Lastly, we report a few general trends and a couple of deficiencies. By inspecting the cake/CP filtrates across all 23 series in Figs. S7–S12 against their inputs in Fig. S4a, we notice as in Fig. 2 that the filtrates as well as their prediction intervals decrease at higher $\bar{Q}$ and lower $\overline{{{\Delta }}P}$ (ser. 8, beginnings of ser. 16 and 18), and increase in the opposite situation, at lower $\bar{Q}$ and higher $\overline{{{\Delta }}P}$ (ser. 7, middle of ser. 16 and 19). There are frequent variations in the filtrate thicknesses for ser. 1–5, due to rapid changes of concurrent high $\bar{Q}$ and high $\overline{{{\Delta }}P}$. Filtrate grows step-wise in ser. 22, in sync with the increasing ΔP and decreasing Q.

Ser. 8 and 6 feature opposite cross-flow inputs, i.e. high and low $\bar{Q}$, respectively (Figs. 1a and S4a). From Figs. S 7–S 12, all models M2-6 underestimate the reconstructed cake in ser. 8 but correctly predict ser. 6; M1 does the opposite: predicts well ser. 8 but underestimates ser. 6. The reason is the nature of models, Fig. 3. M1 gives a constant value of steady-state flux J_ss(Q), i.e. an average J_ss(Q) for all series.

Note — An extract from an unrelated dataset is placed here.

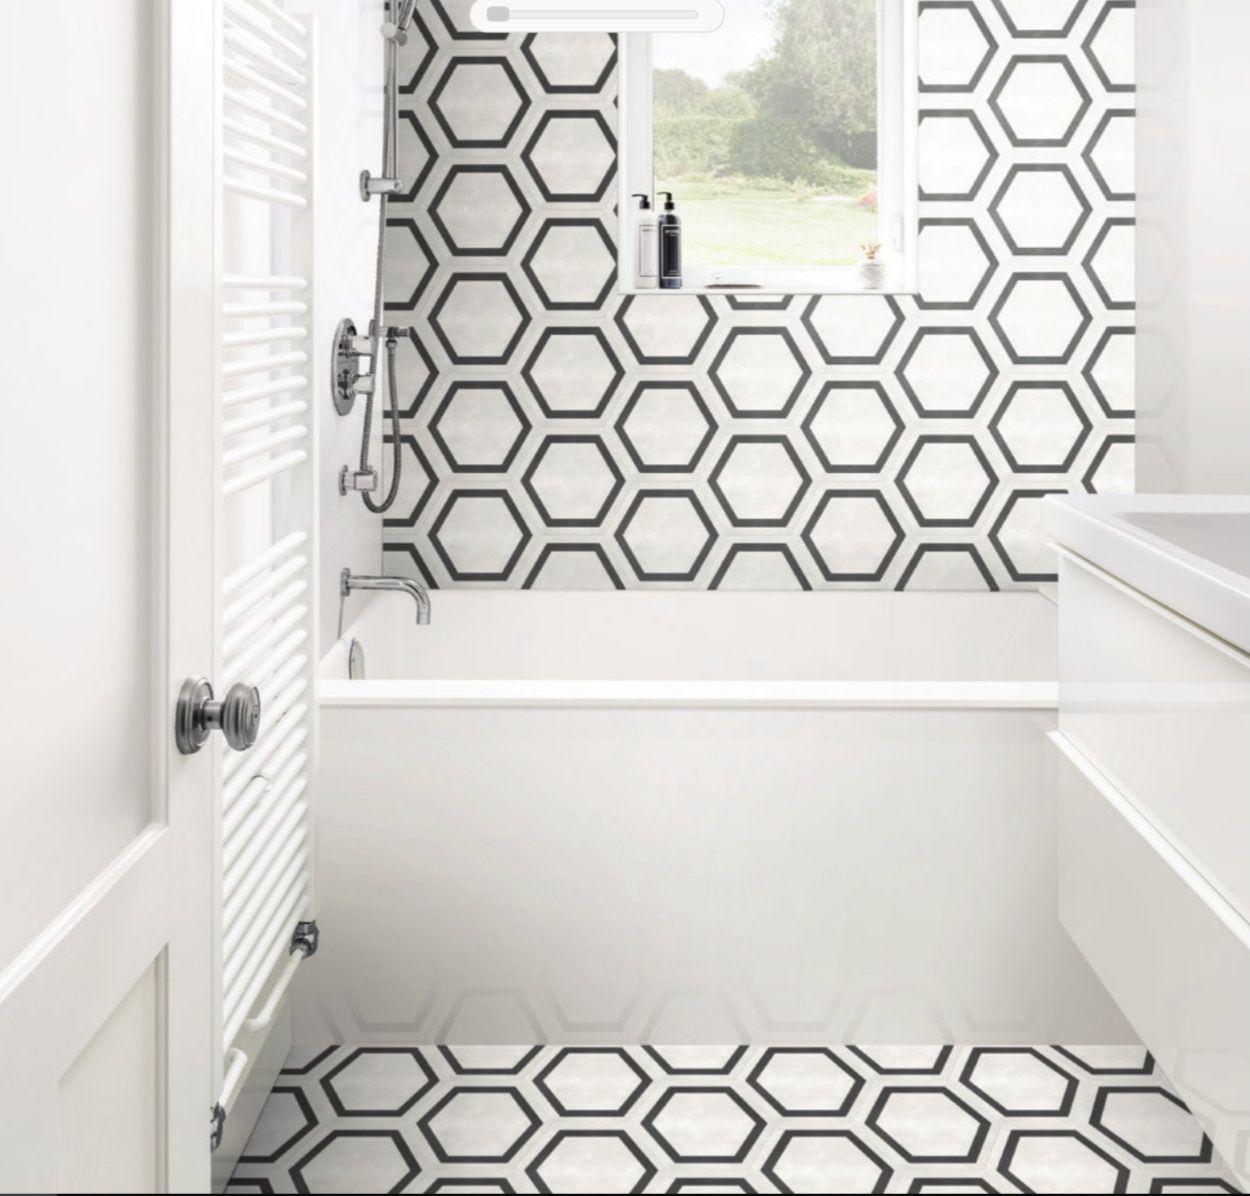 Form 8 X 7 Framed Hexagon Ivory Matte Finish Porcelain

Good at high Q (ser. 8), the average overshoots J_ss and thus the cake removal at low Q (ser. 6); M2-6 do the opposite, perform well at low, but overshoot at high Q.

None of the models is perfect, hence the statistical ranking. The fact that a single series is not predicted correctly (within confidence intervals) by a model, corresponds to a single point outlier, say from a linear law/graph, in traditional single constant-input measurements. With the complex interactions of many different molecular species (Supplementary Note 2), a theoretical mismatch is inevitable.

Steady-state flux J _ss(Q)

Model Eqs. 9–12 represent different functional dependencies of the steady output flux on the cross-flow, J_ss(Q), and are plotted in Fig. 3. The plots are useful since the dependence is typically not deducible directly from (few) measurements³².

Eq. 9 is a baseline model M1, and Eqs. 10–12 different generalizations of it: Eq. 10 (M2, 5, 6) is quite flexible but the parametrization imply that it is strictly positive (parameters μ₁ = μ₂ = 0 recover Eq. 9); Eq. 11 (M3) is monotone and reaches a maximum at some level of Q (α_μ = 0 recovers the baseline model), and finally Eq. 12 (M4) is monotone but less flexible than the two other models. All the suggested models give large improvements compared to the baseline in both the likelihood (measured by AIC), as well as in predictive power, measured as average distance (RMSE) between predicted values and observations (not using filtering), Table 1. M6 is the best giving the lowest AIC and RMSE values.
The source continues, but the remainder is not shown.